Maklon Bukan Jalan Pintas, Tapi Jalan Efisien
Kemudahan memasuki bisnis kosmetik saat ini terkadang melahirkan persepsi yang keliru mengenai maklon. Seseorang memiliki konsep, menghubungi perusahaan maklon, memilih produk, lalu beberapa waktu kemudian memiliki brand sendiri. Jika hanya melihat hasil akhirnya, perjalanan tersebut memang tampak seperti jalan pintas.
Di sinilah maklon seharusnya dilihat sebagai model efisiensi. Pemilik brand tidak perlu membangun seluruh kemampuan manufaktur dari nol untuk dapat memasuki industri kosmetik. Mereka dapat menggunakan sumber daya yang sudah tersedia, lalu memusatkan modal dan perhatian pada pekerjaan lain yang menentukan apakah bisnis tersebut benar-benar memiliki pasar.
Bayangkan sebuah perusahaan ingin meluncurkan satu lini kosmetik dan memilih membangun fasilitas produksinya sendiri. Sebelum produk pertama dapat dijual, perusahaan perlu memikirkan lokasi, fasilitas, mesin, laboratorium, sumber daya manusia, sistem mutu, pengadaan bahan baku, dokumentasi, dan berbagai persyaratan yang berkaitan dengan produksi kosmetik. Investasinya bukan hanya berupa uang, tetapi juga waktu dan kemampuan mengelola organisasi manufaktur.
Keuntungan lain dari model maklon adalah kesempatan untuk memisahkan dua pertanyaan yang sering tercampur. Pertanyaan pertama adalah apakah sebuah produk dapat dibuat dengan baik. Pertanyaan kedua, yang jauh lebih menentukan masa depan bisnis, adalah apakah konsumen benar-benar ingin membelinya.
Membangun fasilitas produksi sebelum pertanyaan kedua terjawab dapat membuat modal terikat pada aset yang besar. Sebaliknya, bekerja dengan maklon memungkinkan brand lebih dahulu menguji konsep, harga, respons konsumen, kanal distribusi, dan kemampuan produknya menghasilkan pembelian ulang. Bisnis memperoleh kesempatan belajar sebelum mengambil keputusan investasi yang lebih besar.
Nilai strategis maklon baru terasa ketika pembagian perannya jelas. Perusahaan maklon membawa kemampuan teknis, sistem produksi, dan pengalaman manufaktur, sementara brand membawa pemahaman terhadap konsumen, strategi bisnis, serta keputusan mengenai arah produk. Pertemuan kedua kompetensi tersebut membuat sumber daya dapat digunakan secara lebih tepat.
Itulah sebabnya maklon tidak seharusnya dipahami sebagai cara melewati tahapan sulit dalam membangun produk kosmetik. Seluruh pekerjaan penting tetap harus dilakukan dan standar kualitas tetap harus dipenuhi. Maklon hanya membuat sebuah brand tidak perlu membangun sendiri seluruh mesin organisasi yang diperlukan untuk mengerjakan pekerjaan tersebut.

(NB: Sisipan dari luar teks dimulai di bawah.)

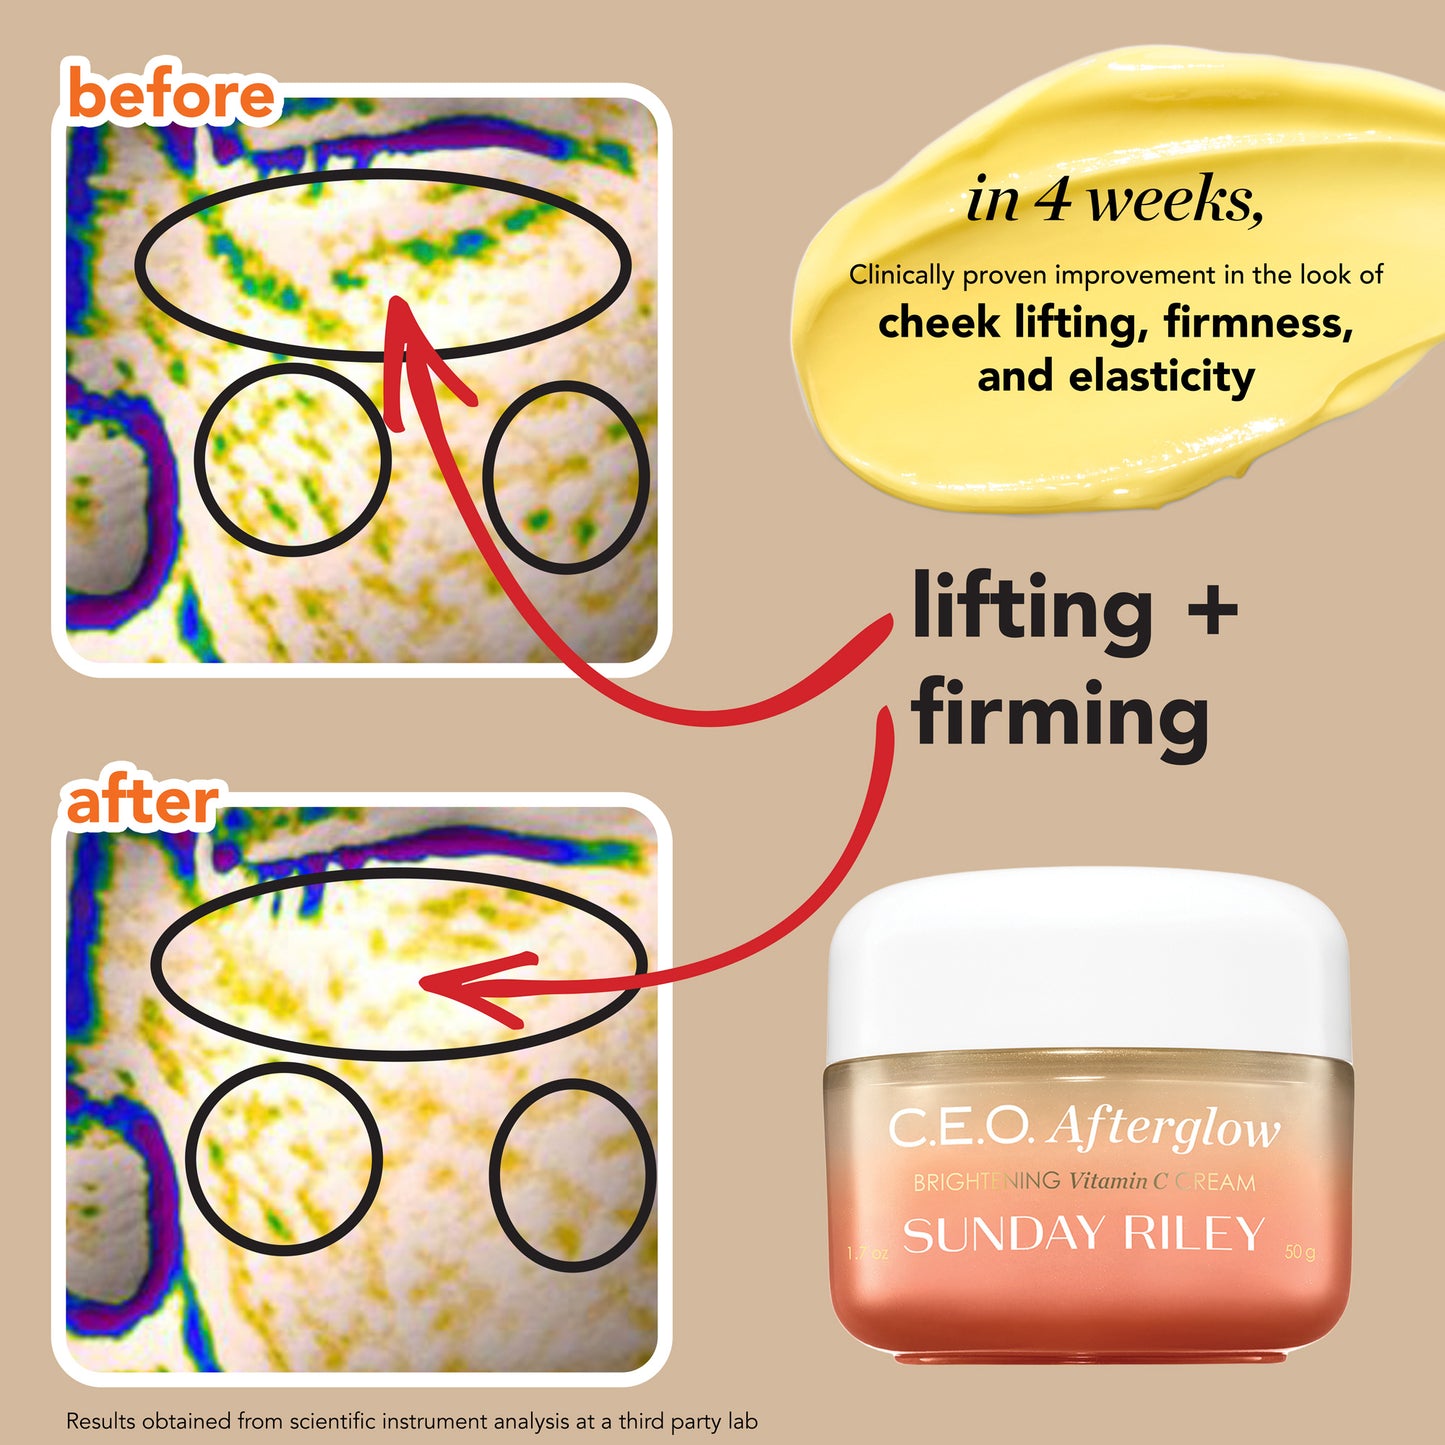 before and after pictures of face after using c.e.o. afterglow showing improved lifting + firming - in 4 weeks, clinically proven improvement in the look of cheek lifting, firmness, and elasticity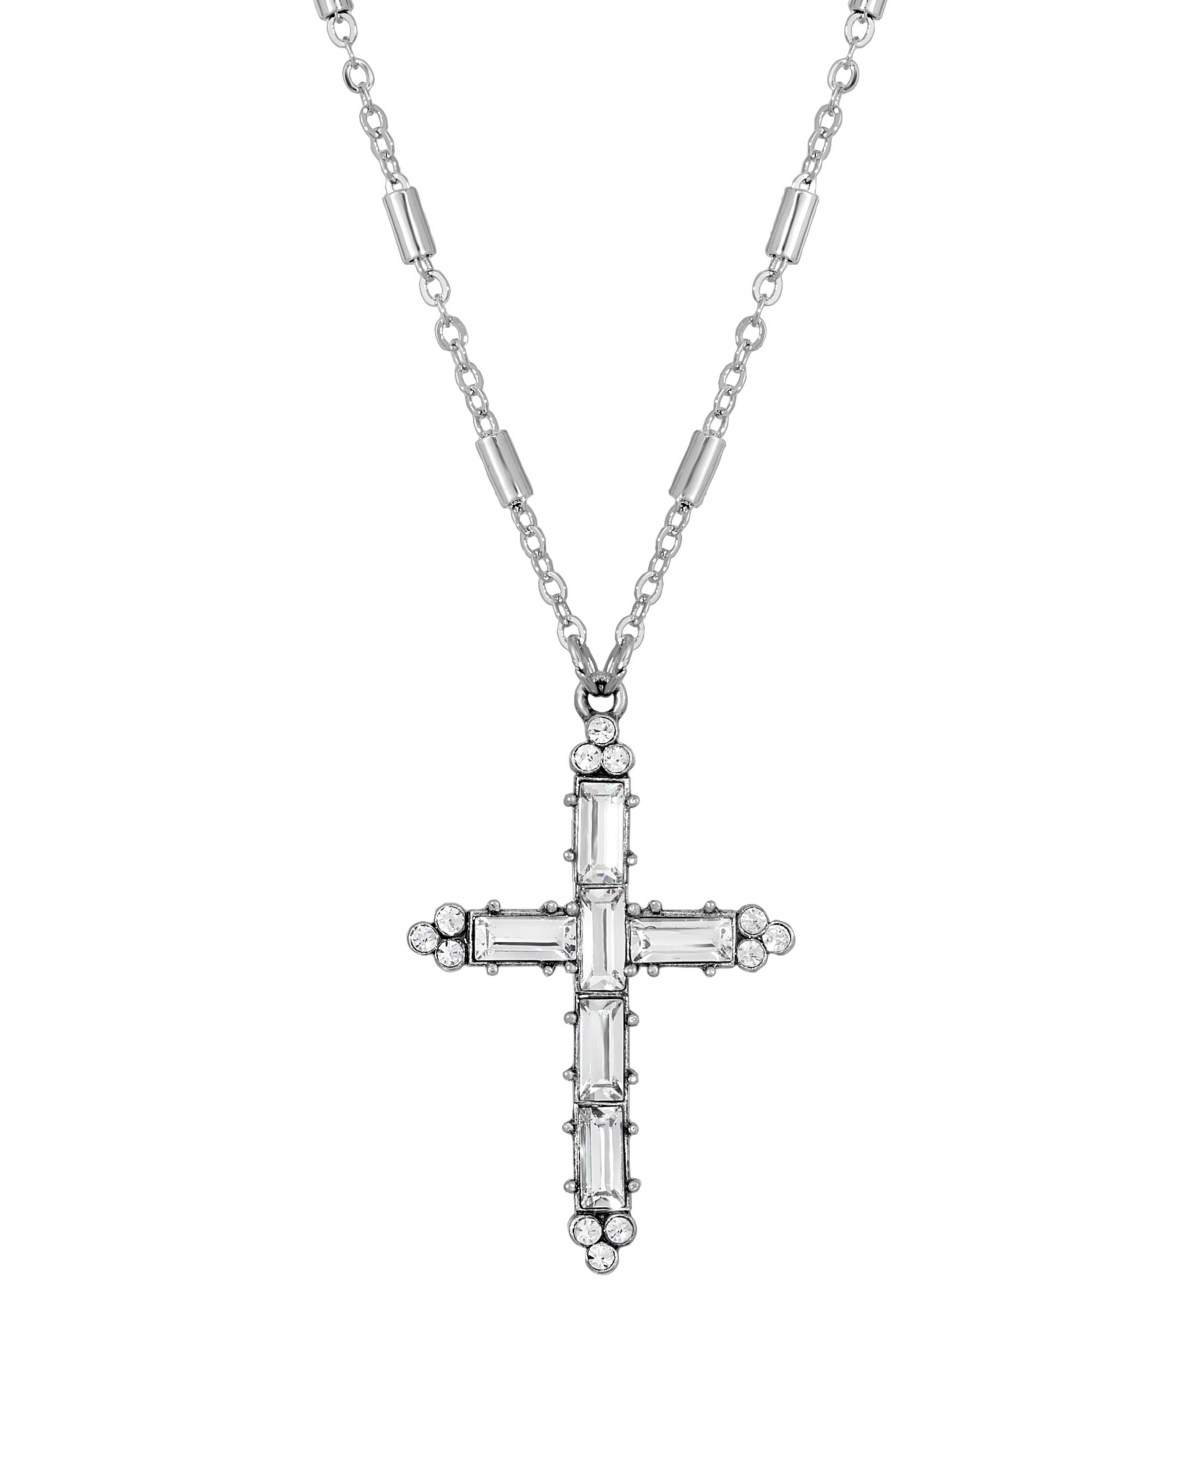 Pewter Crystal Cross Silver-Tone Chain Necklace - White

Bagi pelaku bisnis, perbedaannya sangat besar. Jalan pintas berusaha menghilangkan pekerjaan yang dianggap merepotkan, sedangkan jalan efisien memastikan pekerjaan tetap dilakukan oleh pihak yang paling kompeten untuk mengerjakannya. Maklon berada pada pilihan kedua: bukan membuat bisnis kosmetik tanpa proses, tetapi membuat pemilik brand dapat menggunakan waktu, modal, dan fokusnya pada bagian bisnis yang paling membutuhkan mereka. [][Adrian Damar/MYK]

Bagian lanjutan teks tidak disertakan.